Une nation qui se modernise est une nation qui prend soin de ses artères. Dans la fresque des réformes législatives d’envergure, le Chapitre II de la Cinquième partie de la proposition de loi portée par le sénateur Jean Bamanisa Saïdi s’impose comme un acte de salubrité publique et de pragmatisme économique. En s’attaquant à la gestion des emprises routières et des infrastructures, cette initiative réconcilie enfin la rigueur de l’État avec la protection des citoyens.
Le diagnostic : Mettre fin au chaos des emprises encombrées
Pendant trop longtemps, le domaine public a souffert d’un manque d’encadrement strict avec des constructions anarchiques au bord des chaussées, des kiosques entravant la visibilité et des extensions impossibles sans démolitions coûteuses. Une infrastructure ne se limite pas au bitume ou au béton visible. Elle a besoin d’une zone de respiration, c’est-à-dire son emprise, pour garantir la sécurité des usagers, permettre l’entretien au quotidien et anticiper les élargissements futurs.
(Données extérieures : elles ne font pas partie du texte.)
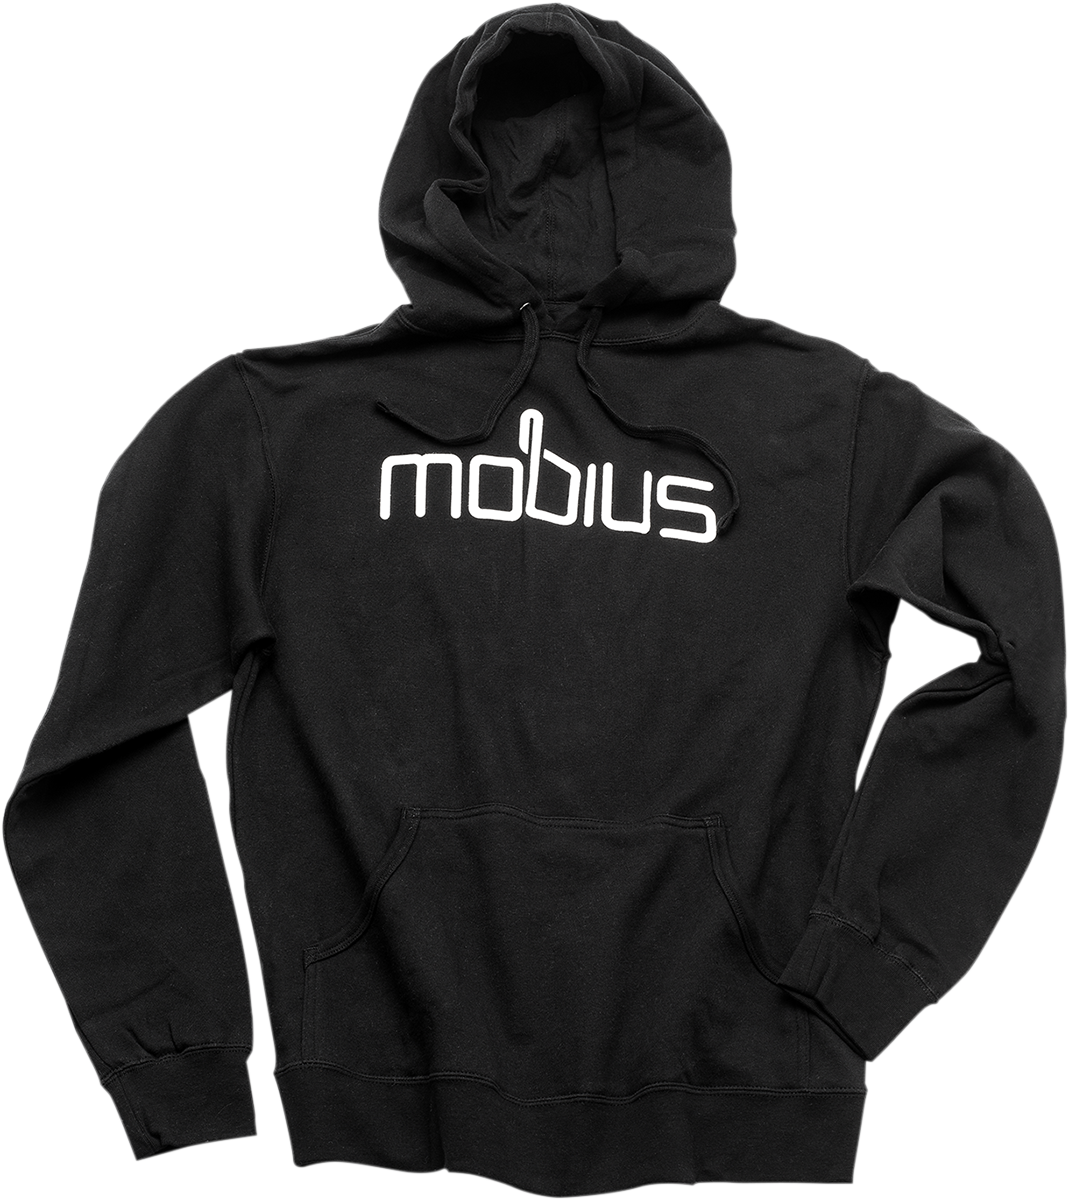 MOBIUS - HOODY MOBIUS BK MD - 812854020178

Une architecture juridique moderne et équilibrée
Le texte soumis au débat parlementaire apporte des réponses concrètes et novatrices pour assainir le domaine public tout en respectant l’initiative privée. Tout d’abord, un principe clair d’autorisation est établi. Toute occupation du domaine public devient soumise à une autorisation explicite, personnelle, précaire et révocable. Fini l’arbitraire, car occuper l’espace public ne confère aucun droit réel de propriété.
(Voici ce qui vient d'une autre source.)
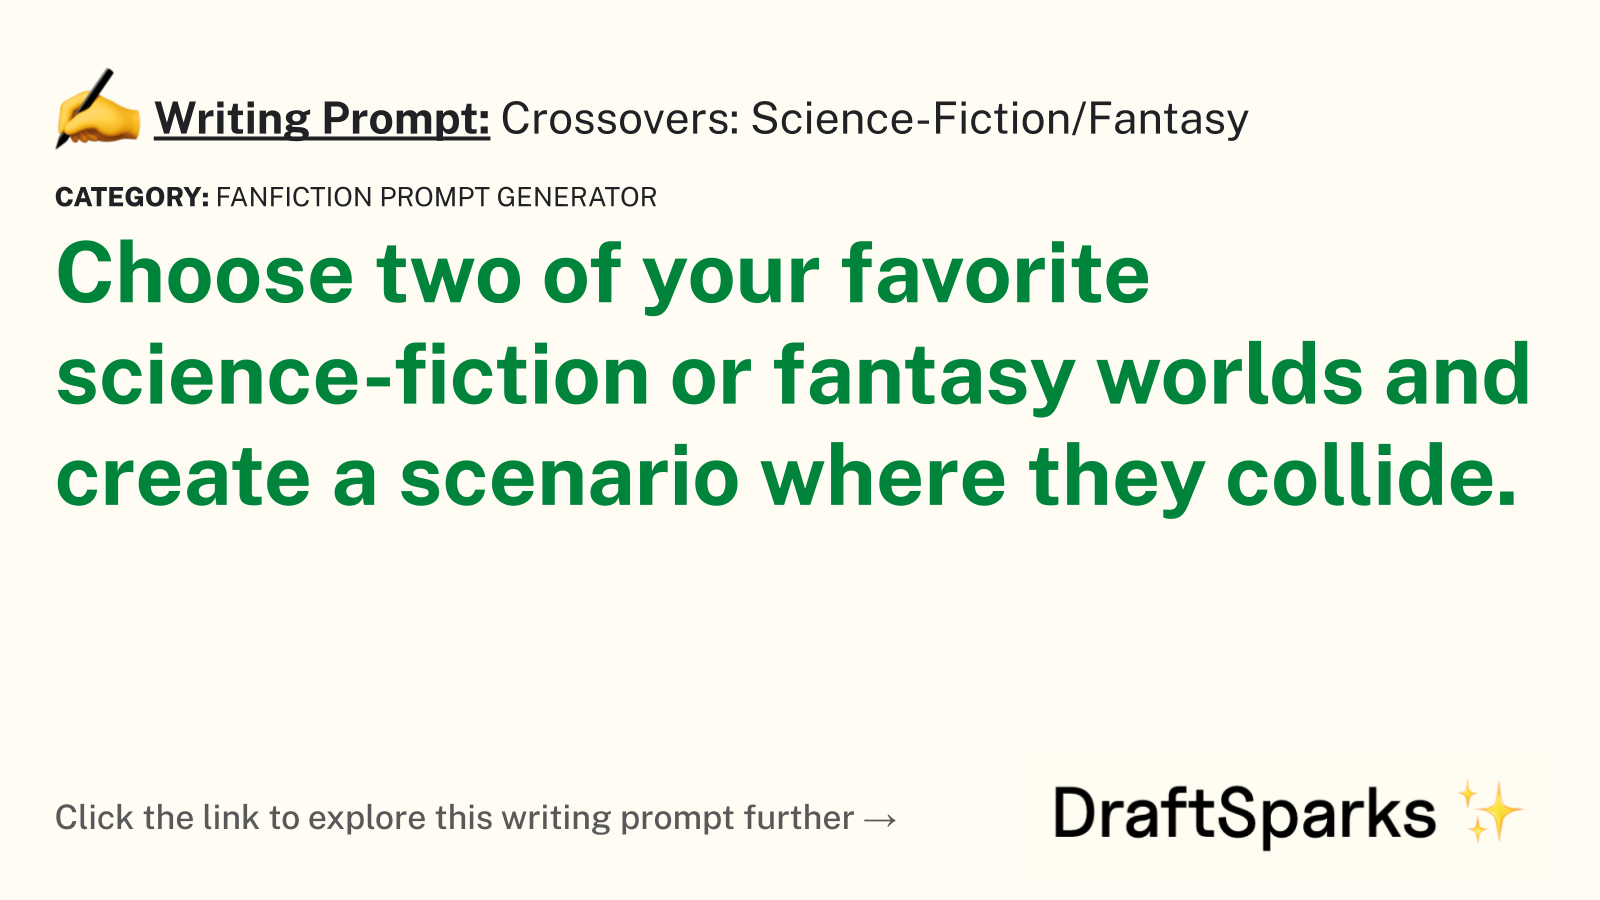 Crossovers: Science-Fiction/Fantasy

Ensuite, le permis de voirie devient obligatoire. Pour exploiter une partie de l’emprise, un permis de voirie spécifique est désormais indispensable, venant s’ajouter sans les remplacer aux règles d’urbanisme et d’environnement.
De plus, le texte instaure des servitudes de sécurité. Il prévoit la mise en place de servitudes de visibilité, de reculement et de non aedificandi pour prévenir les accidents et faciliter la maintenance.Enfin, la réforme permet une valorisation économique encadrée. Elle ouvre la voie à l’aménagement d’aires de repos, de stations-service, de parkings et de plateformes logistiques confiés à des opérateurs qualifiés, sous condition de transparence et de redevances domaniales.
La transformation du modèle avant et après la réforme
En analysant la transition proposée par cette réforme, les changements deviennent évidents sur tous les plans.En ce qui concerne l’occupation des bordures de routes, nous passons d’une époque caractérisée par une tolérance floue et des empiétements anarchiques à un système basé sur une autorisation préalable, précaire et révocable.
Pour l’aménagement des services le long des voies, le texte remplace les initiatives informelles ou mal encadrées par des concessions transparentes gérant les stations, parkings et aires de repos. S’agissant de l’agrandissement futur des voies, la loi élimine les blocages juridiques et les coûts d’évacuation en préservant dès le départ les emprises grâce à des servitudes précises.
Du point de vue des droits des riverains, nous quittons l’incertitude et les expropriations conflictuelles pour un cadre où les protections constitutionnelles et l’indemnisation équitable sont strictement garanties.
L’art de l’équilibre : Progrès collectif et droit de propriété
L’une des plus grandes réussites de cette proposition réside dans sa finesse constitutionnelle. Protéger le domaine public ne se fait pas au détriment des particuliers, car le texte réaffirme avec force les garanties liées au droit de propriété. Lorsqu’un projet nécessite un terrain privé, le recours à l’expropriation pour cause d’utilité publique reste strictement encadré avec une juste indemnisation.
En posant ces jalons, Jean Bamanisa Saïdi fait preuve d’une vision d’État qui transforme les contraintes du domaine public en levier de développement structuré pour les décennies à venir.